БЕРЕЗКИН. Чего вы, братцы, на меня, ровно на водолаза, уставились?

– Говори ты, Адриан Лукьяныч!..

– Зачем же, пускай сам начнет, а мы поддержим. Давай, Маслов!

БЕРЕЗКИН. Пожалуйста… только ведь не я тут хозяин-то.

МАКАРЫЧЕВ. У нас на всех хватит, смело обращайся, тракторист!

МАСЛОВ. Являюсь по демобилизации второй очереди старший сержант Маслов, Маслов Ларион… (покосившись на свою звездочку) Ларион Максимыч. Так что выполняю данный зарок, товарищ полковник, – отгулять неделю скрозь в знак победы над проклятым фашизьмом.
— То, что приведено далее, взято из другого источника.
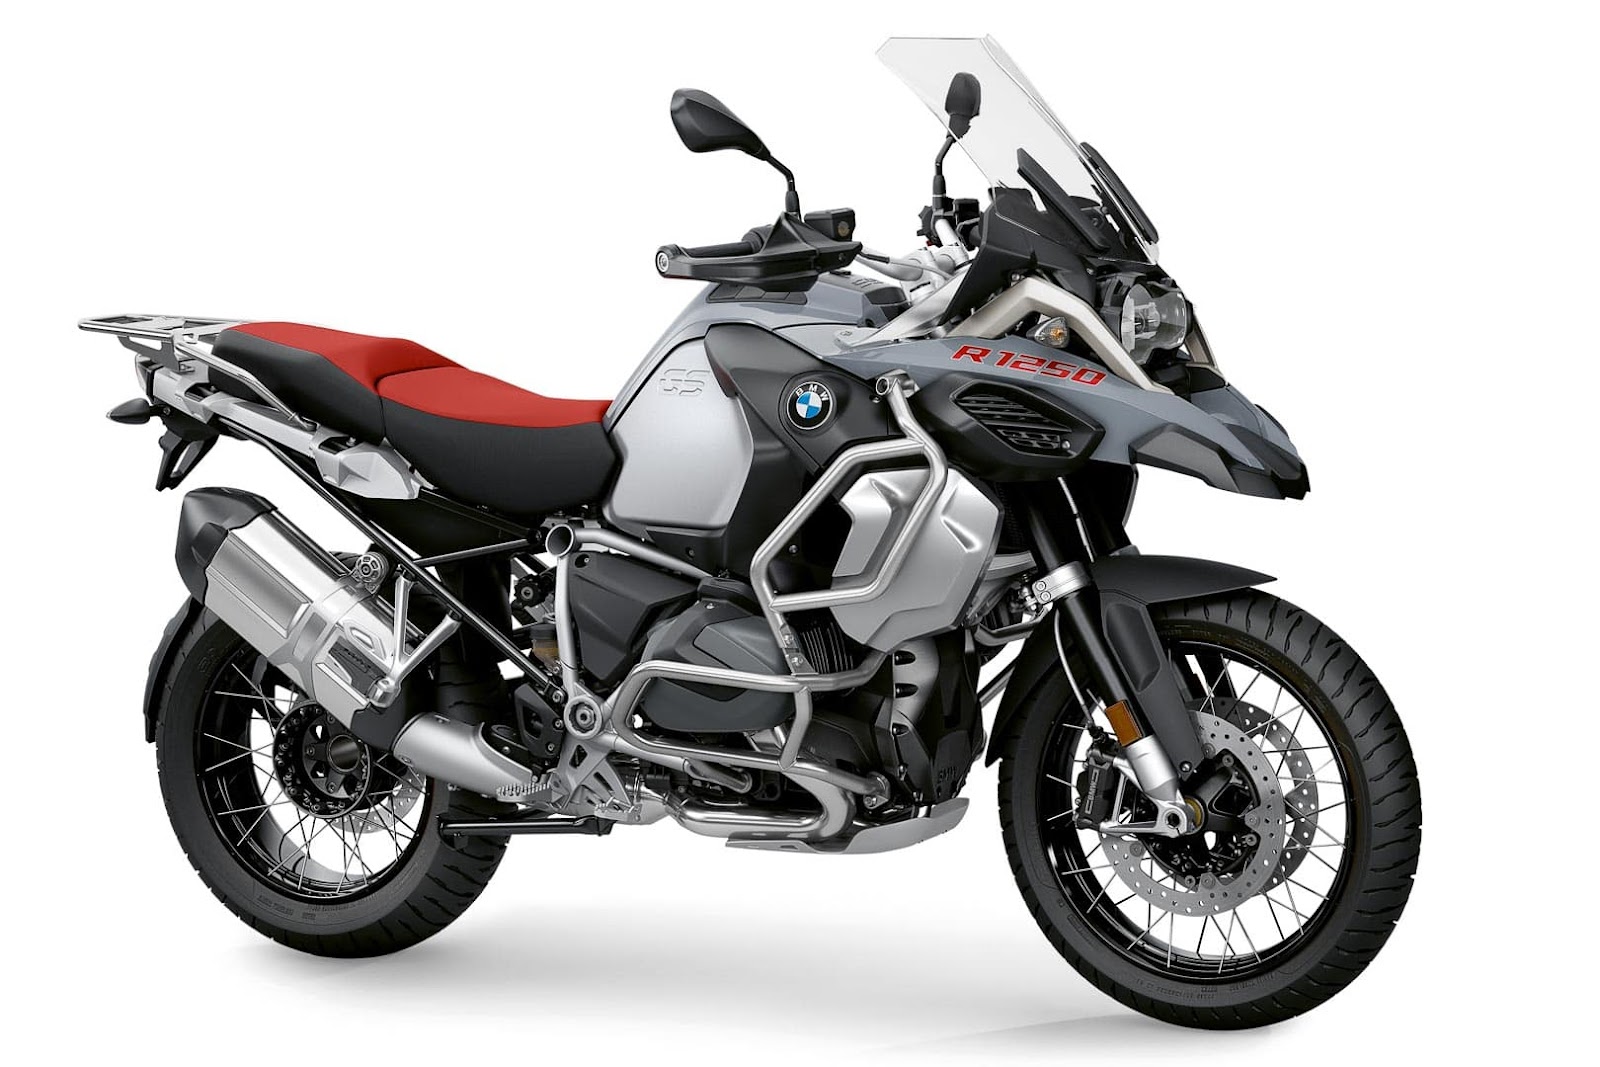 Experience the ultimate adventure with the BMW R 1250 GS Adventure motorcycle

БЕРЕЗКИН.. Как же, слышим… вторые сутки вся хоромина дрожит. А что, братцы, не пора ли и за работу?


Из толпы выделяются двое, любители поговорить.


ПЕРВЫЙ. Осподи, да рази такую победу в двои сутки отпразднуешь? На ей семь пар сапог мало исплясать!

ВТОРОЙ (вдохновенно). Нонче гуляем, завтра единодушно кидаемся на восстановление мирной жизни.

ГАЛАНЦЕВ (обернувшись). Тихо… загалдели. Чего замолк, давай, Максимыч.

МАСЛОВ. Никак не могу, не могу я с ними, Иван Ермолаич, при подобном шуме… весь голос себе сорвал. Слышишь, в горле ноты какие? И без того сам не свой, а тут еще и слова молвить не дают.

НЕПРЯХИН. Ты не серчай, сержант, это они на радостях. (Про Кареевых.) Люди с дороги, не задерживай людей, объясни им разборчиво, отчего происходит твое такое состояние.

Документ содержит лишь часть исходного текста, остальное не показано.